Mr. Butsa, with financial advisers at Rothschild & Co. and JPMorgan Chase & Co., approached about a dozen investors privately in mid-July to suss out what terms bondholders would accept. The talks included some of the largest money managers in the world, such as BlackRock Inc., Fidelity Investments and Pacific Investment Management Co., the people familiar with the matter said. 

Within a few days Mr. Butsa had a deal in mind to delay bond interest and principal payments and to restructure a roughly $3.2 billion instrument linked to the growth of national gross domestic product. Ukrainian authorities worried the terms of the GDP-linked note would force them to pay a windfall to investors if postwar reconstruction caused a surge of economic activity. 

The deal offered a five-percentage-point fee in two years to holders of the GDP-linked note and zero fees to holders of Ukraine’s other bonds.

Ukraine timed the deal to capitalize on widespread support for its underdog fight against Russia, betting that international money managers wouldn’t risk public criticism by holding out, the people familiar with the matter said. 

Only four bondholders initially agreed to publicly support the deal when Ukraine announced it on July 20: BlackRock, Fidelity and the hedge-fund managers Amia Capital LLP and Gemsstock Ltd. Mr. Butsa went to Paris, where Rothschild is based, and spent two weeks cajoling investors to sign on during back-to-back Zoom meetings. 

Some held back. Pimco didn’t consent until Aug. 10, the expiration date of the deal, the people familiar with the matter said. Ultimately, holders of more than 75% of the country’s bonds agreed.

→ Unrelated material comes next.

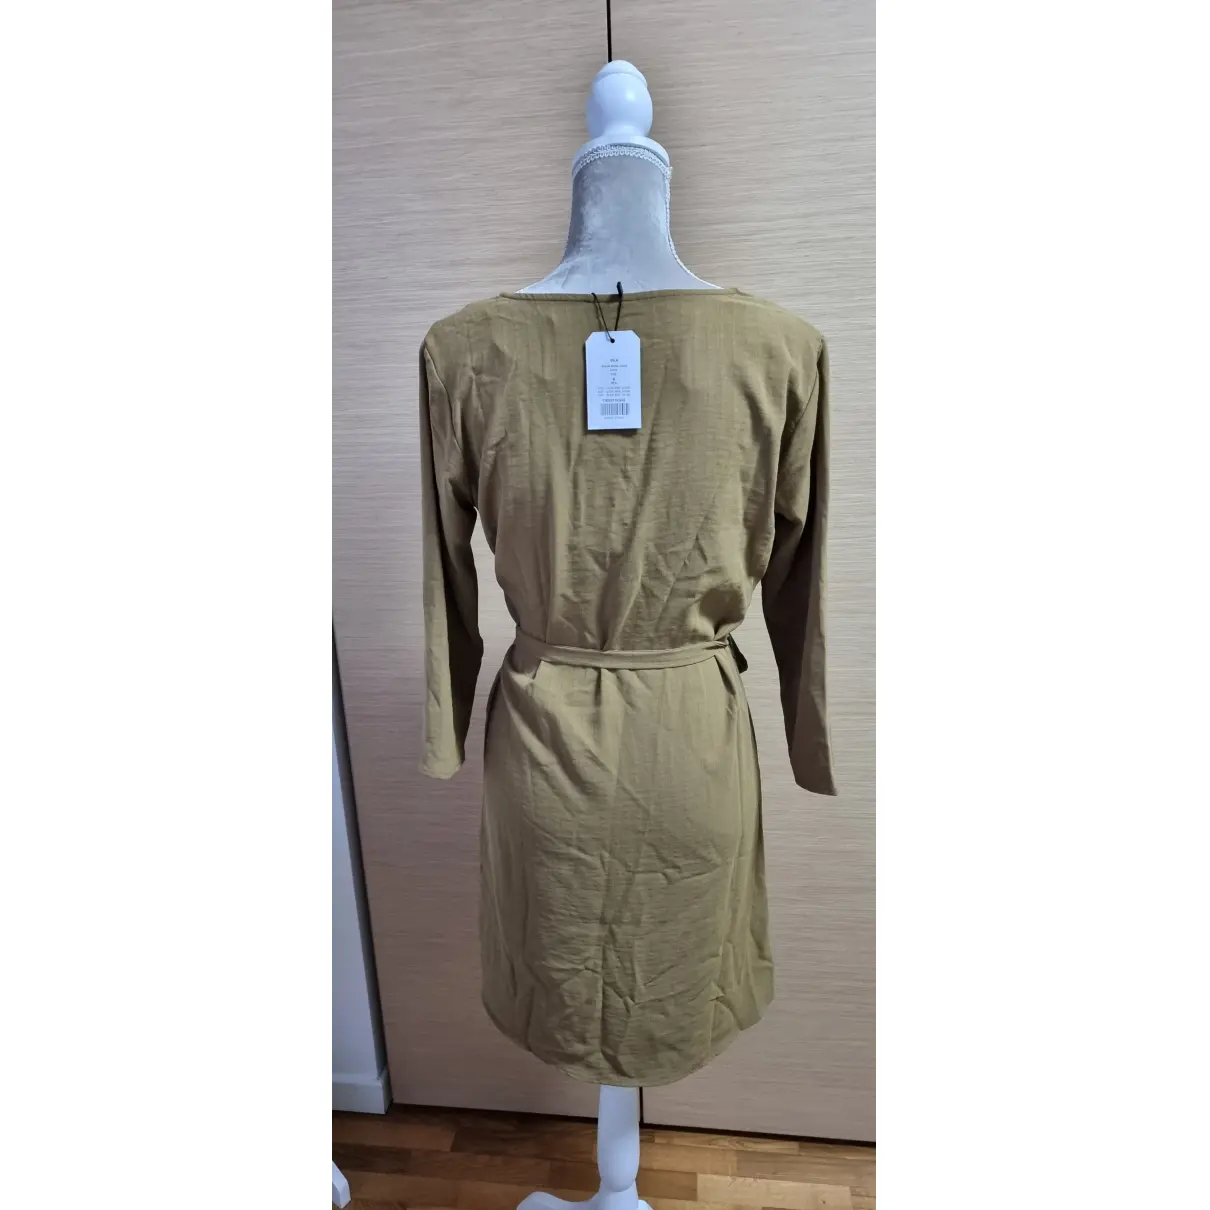 Buy VILA Mid-length dress online

“I’ve never heard of anything quite like this,” said Mark Weidemaier, a law professor at the University of North Carolina specializing in government debt. “It was driven by fear of reputational damage to the investors.”

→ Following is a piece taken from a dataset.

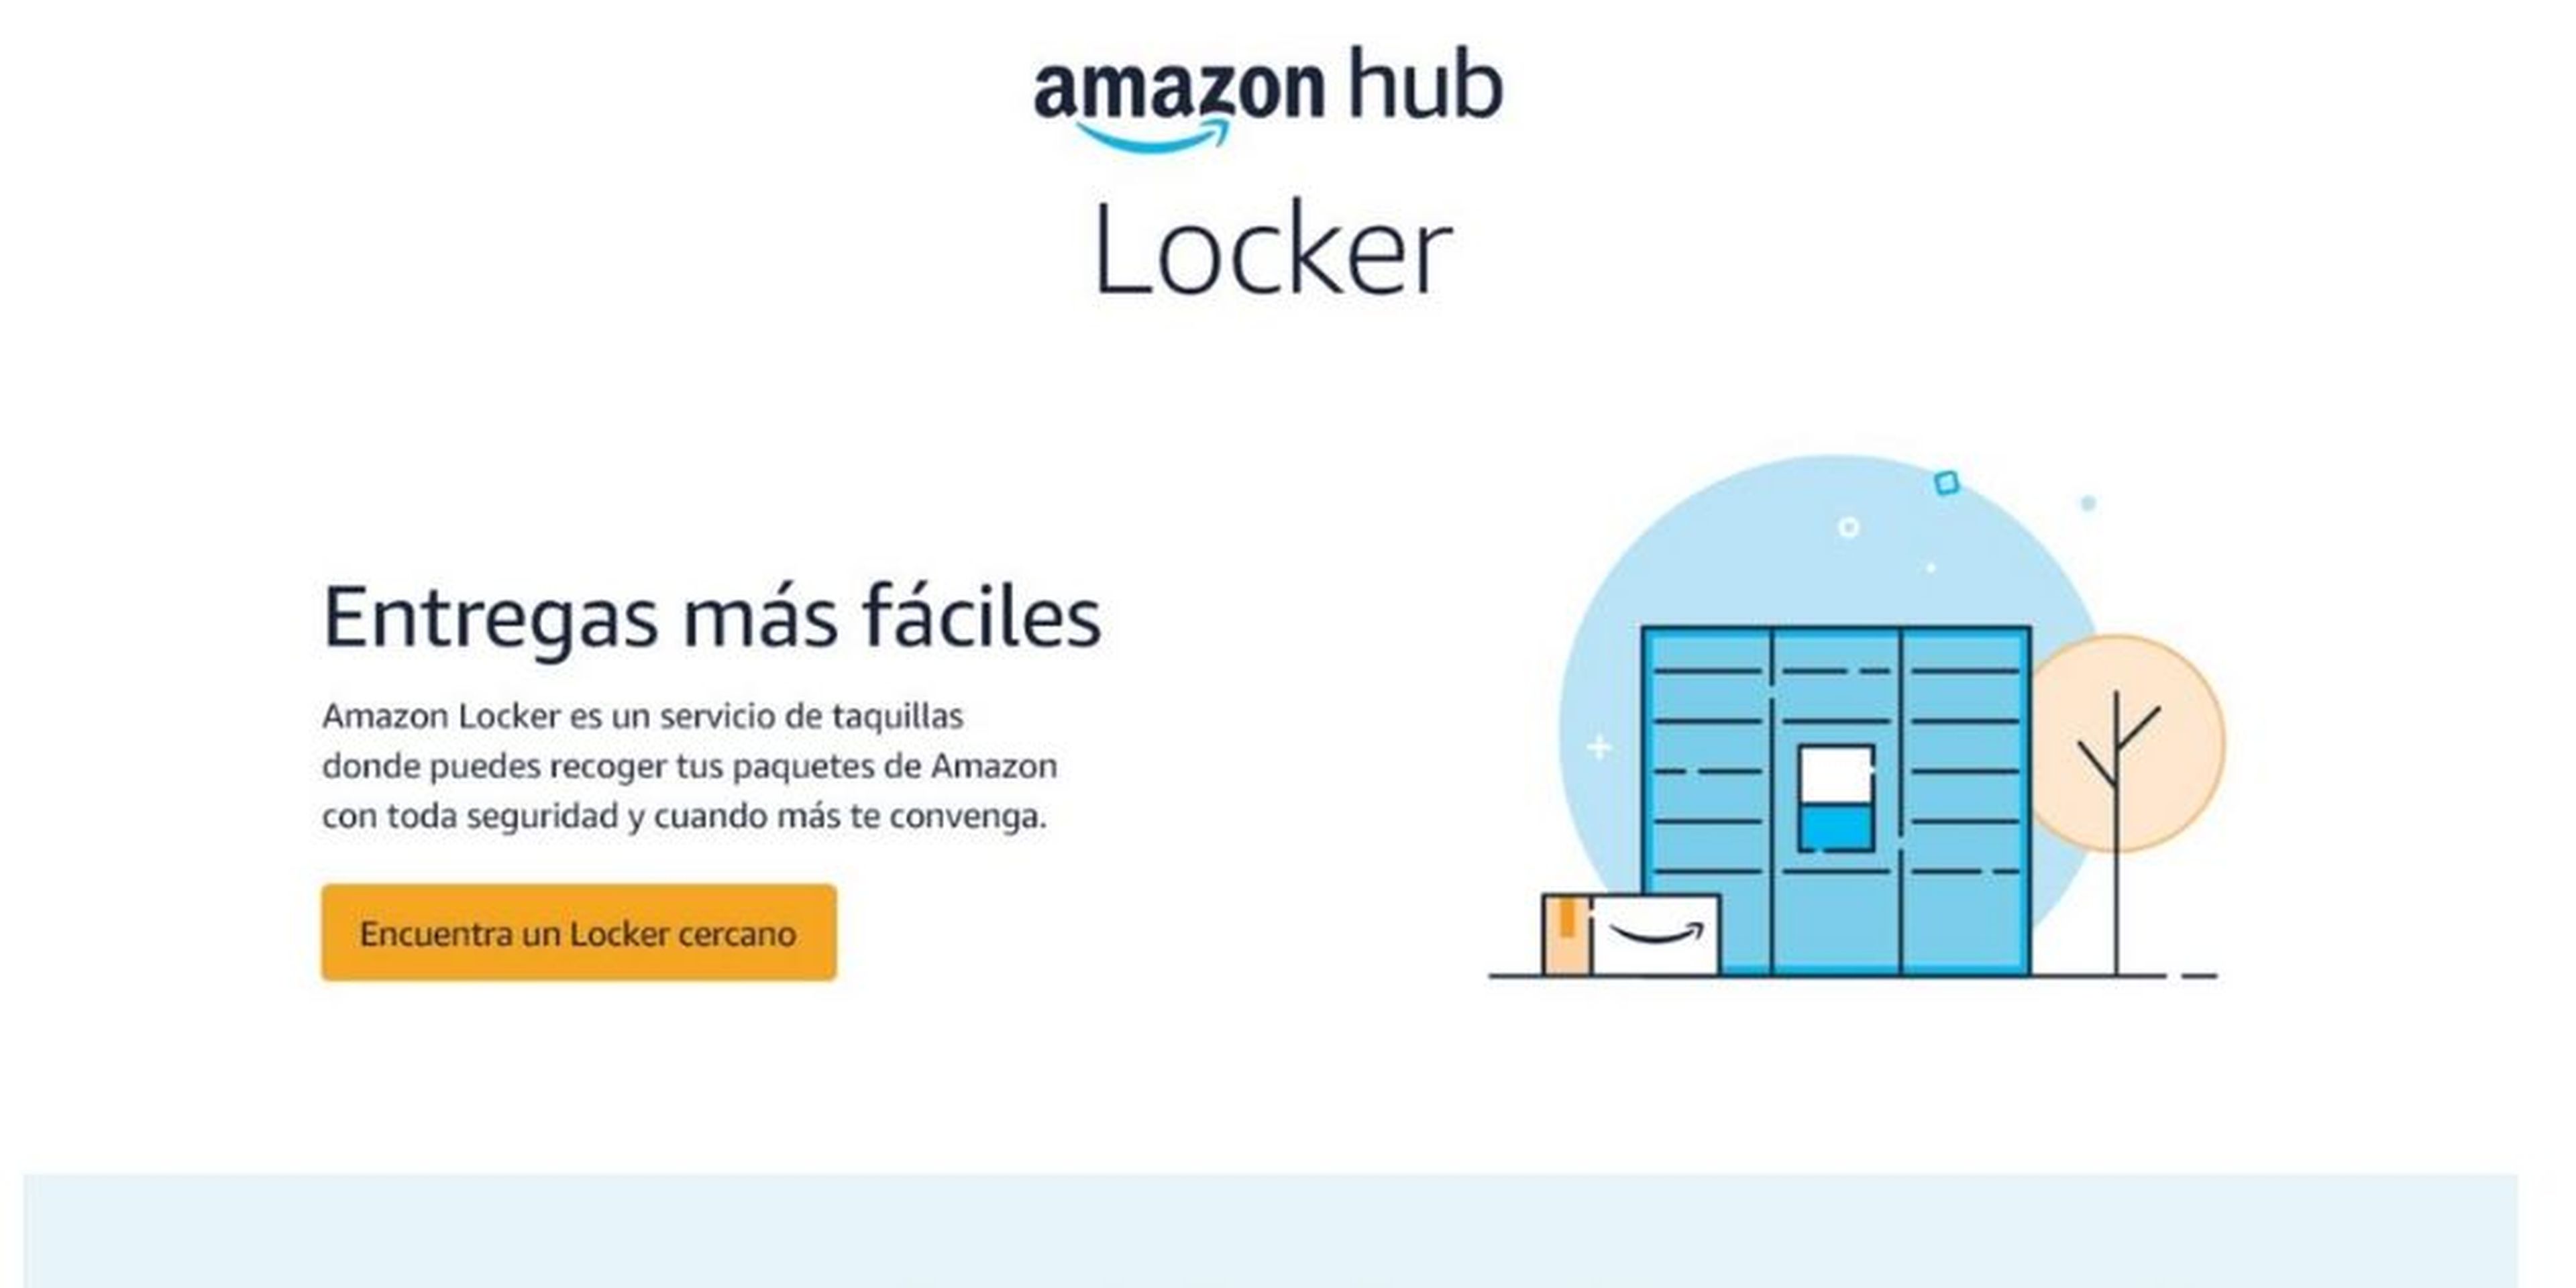 Amazon Locker: qué es y cómo funciona

Now the Finance Ministry faces a far more challenging task, getting private investment funds to commit new capital to Ukraine despite the continuing war and the country’s spotty record on corruption

One way to bolster market confidence would be for Ukraine to borrow money using assets or guarantees put up by Western institutions, much as individuals with low credit scores get co-signers to help them obtain bank loans. The idea borrows from the Brady Plan, under which Latin American and Asian countries sold debt backed by specially issued U.S. Treasury bonds to clean up their finances.

To achieve something similar, Ukraine needs political buy-in from backers, most likely the U.S., the U.K. and the European Union. It will also need involvement from a multilateral bank, such as the IMF, and buy-in from potential investors, such as BlackRock. 

Ukrainian finance officials hope to get the support soon, before international goodwill wanes. “People are generally much more supportive in times of war than in times of rebuilding,” Mr. Butsa said.